Records drawn from a dataset:
--------

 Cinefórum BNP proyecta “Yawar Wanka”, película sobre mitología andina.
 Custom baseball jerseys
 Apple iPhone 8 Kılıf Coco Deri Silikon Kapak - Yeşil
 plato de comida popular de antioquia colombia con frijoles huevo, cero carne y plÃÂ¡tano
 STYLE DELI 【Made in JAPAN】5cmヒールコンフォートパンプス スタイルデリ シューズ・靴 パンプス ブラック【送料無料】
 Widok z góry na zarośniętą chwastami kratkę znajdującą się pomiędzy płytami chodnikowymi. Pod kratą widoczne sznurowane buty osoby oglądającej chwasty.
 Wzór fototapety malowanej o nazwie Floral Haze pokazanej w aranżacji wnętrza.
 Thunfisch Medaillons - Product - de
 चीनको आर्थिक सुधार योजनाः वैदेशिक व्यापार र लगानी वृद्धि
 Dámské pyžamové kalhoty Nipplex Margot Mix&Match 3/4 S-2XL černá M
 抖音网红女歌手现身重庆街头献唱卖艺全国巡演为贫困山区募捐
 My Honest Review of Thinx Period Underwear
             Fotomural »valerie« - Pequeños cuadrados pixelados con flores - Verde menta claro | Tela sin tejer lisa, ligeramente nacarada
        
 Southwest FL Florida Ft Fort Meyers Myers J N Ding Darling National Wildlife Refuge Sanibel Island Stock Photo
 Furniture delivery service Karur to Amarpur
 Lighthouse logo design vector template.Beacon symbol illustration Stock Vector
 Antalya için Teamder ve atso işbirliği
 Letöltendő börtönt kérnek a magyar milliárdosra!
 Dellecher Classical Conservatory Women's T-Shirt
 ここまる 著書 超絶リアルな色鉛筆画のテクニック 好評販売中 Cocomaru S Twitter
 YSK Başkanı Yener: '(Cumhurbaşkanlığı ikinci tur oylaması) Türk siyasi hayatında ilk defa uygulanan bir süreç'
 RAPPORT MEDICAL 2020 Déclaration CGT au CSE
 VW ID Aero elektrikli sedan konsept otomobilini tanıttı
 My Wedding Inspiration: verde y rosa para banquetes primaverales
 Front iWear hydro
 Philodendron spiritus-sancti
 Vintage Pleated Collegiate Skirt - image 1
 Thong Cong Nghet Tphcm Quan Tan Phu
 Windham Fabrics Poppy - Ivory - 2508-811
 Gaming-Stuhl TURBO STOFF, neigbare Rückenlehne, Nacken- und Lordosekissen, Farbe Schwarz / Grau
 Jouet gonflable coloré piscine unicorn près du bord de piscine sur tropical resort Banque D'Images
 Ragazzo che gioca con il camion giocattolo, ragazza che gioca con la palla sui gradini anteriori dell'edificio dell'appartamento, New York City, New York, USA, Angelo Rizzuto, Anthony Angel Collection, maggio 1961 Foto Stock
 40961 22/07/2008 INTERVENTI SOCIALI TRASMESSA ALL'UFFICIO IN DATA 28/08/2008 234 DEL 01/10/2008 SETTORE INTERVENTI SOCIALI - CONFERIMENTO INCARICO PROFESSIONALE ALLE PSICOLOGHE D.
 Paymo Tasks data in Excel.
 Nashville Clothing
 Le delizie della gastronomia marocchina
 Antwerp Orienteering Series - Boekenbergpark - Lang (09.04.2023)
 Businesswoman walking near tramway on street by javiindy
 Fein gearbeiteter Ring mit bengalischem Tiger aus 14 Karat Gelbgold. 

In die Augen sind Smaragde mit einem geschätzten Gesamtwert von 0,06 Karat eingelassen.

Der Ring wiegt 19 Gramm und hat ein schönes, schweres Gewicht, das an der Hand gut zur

--------

:: Work required ::
Your task is to reproduce the entries exactly, starting at the first line and ending with the line containing "Thunfisch Medaillons - Product - de".

:: Your response ::
 Cinefórum BNP proyecta “Yawar Wanka”, película sobre mitología andina.
 Custom baseball jerseys
 Apple iPhone 8 Kılıf Coco Deri Silikon Kapak - Yeşil
 plato de comida popular de antioquia colombia con frijoles huevo, cero carne y plÃÂ¡tano
 STYLE DELI 【Made in JAPAN】5cmヒールコンフォートパンプス スタイルデリ シューズ・靴 パンプス ブラック【送料無料】
 Widok z góry na zarośniętą chwastami kratkę znajdującą się pomiędzy płytami chodnikowymi. Pod kratą widoczne sznurowane buty osoby oglądającej chwasty.
 Wzór fototapety malowanej o nazwie Floral Haze pokazanej w aranżacji wnętrza.
 Thunfisch Medaillons - Product - de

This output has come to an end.